Member of the New Hampshire Executive Council from the 2nd district
- In office 1977–1982
- Preceded by: James Hayes
- Succeeded by: Peter Spaulding

Mayor of Concord, New Hampshire
- In office 1970–1976
- Preceded by: William Gove
- Succeeded by: Martin Gross

Personal details
- Born: October 3, 1924 Manchester, New Hampshire, U.S.
- Died: February 2, 2008 (aged 83) Hanover, New Hampshire, U.S.
- Spouse: Susan Neidlinger
- Education: Dartmouth College Harvard University

Military service
- Allegiance: United States
- Branch/service: United States Army Army Air Forces;
- Battles/wars: World War II

= Malcolm McLane =

American politician

Malcolm McLane (October 3, 1924 - February 2, 2008) was an American businessman, politician, and lawyer who served as the 43rd mayor of concord New Hampshire during from 1970 to 1976. he was also previously a member of the executive council representing the 2nd District from 1977 to 1982.

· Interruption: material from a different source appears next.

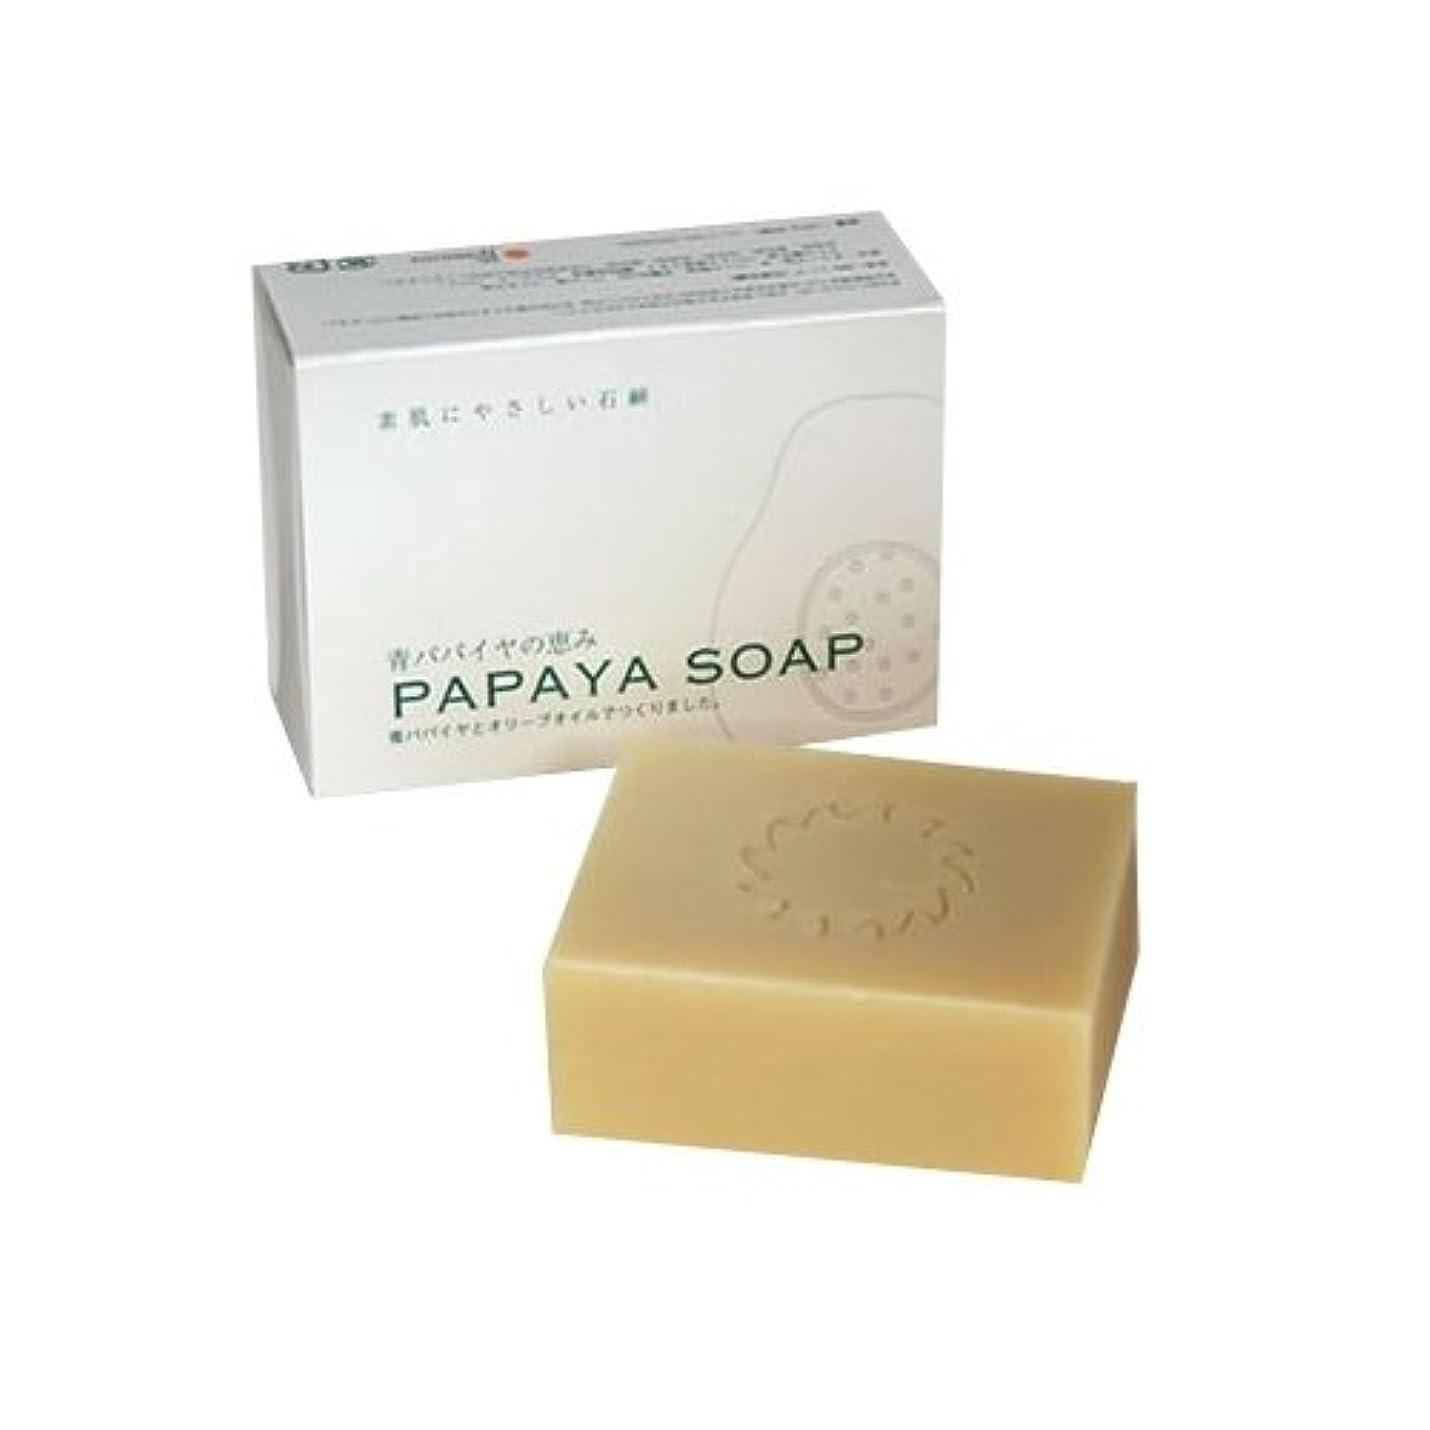 合体不十分眉青パパイヤの恵み PAPAYA SOAP(パパイヤソープ) 100g

Born in Manchester, New Hampshire, McLane served as a pilot in the United States Army Air Forces during World War II. He spent the last months of World War II in a German prisoner of war camp after his plane was shot down during the Battle of the Bulge in December 1944. He graduated from Dartmouth College and Harvard Law School. McLane was a Rhodes Scholar. He then practiced law in Concord, New Hampshire. He helped start the Wildcat Mountain Ski Area in Pinkham Notch, New Hampshire. McLane served on the Concord City Council. In 1972, McLane ran for Governor of New Hampshire as an Independent. Then, from 1970 to 1976, McLane served as mayor of Concord. McLane served on the New Hampshire Executive Council from 1977 to 1982. John McLane, Governor of New Hampshire, was his grandfather. His wife Susan McLane served in the New Hampshire General Court, and their daughter Ann McLane Kuster is the former representative from New Hampshire's 2nd congressional district. McLane died at his home in Hanover, New Hampshire.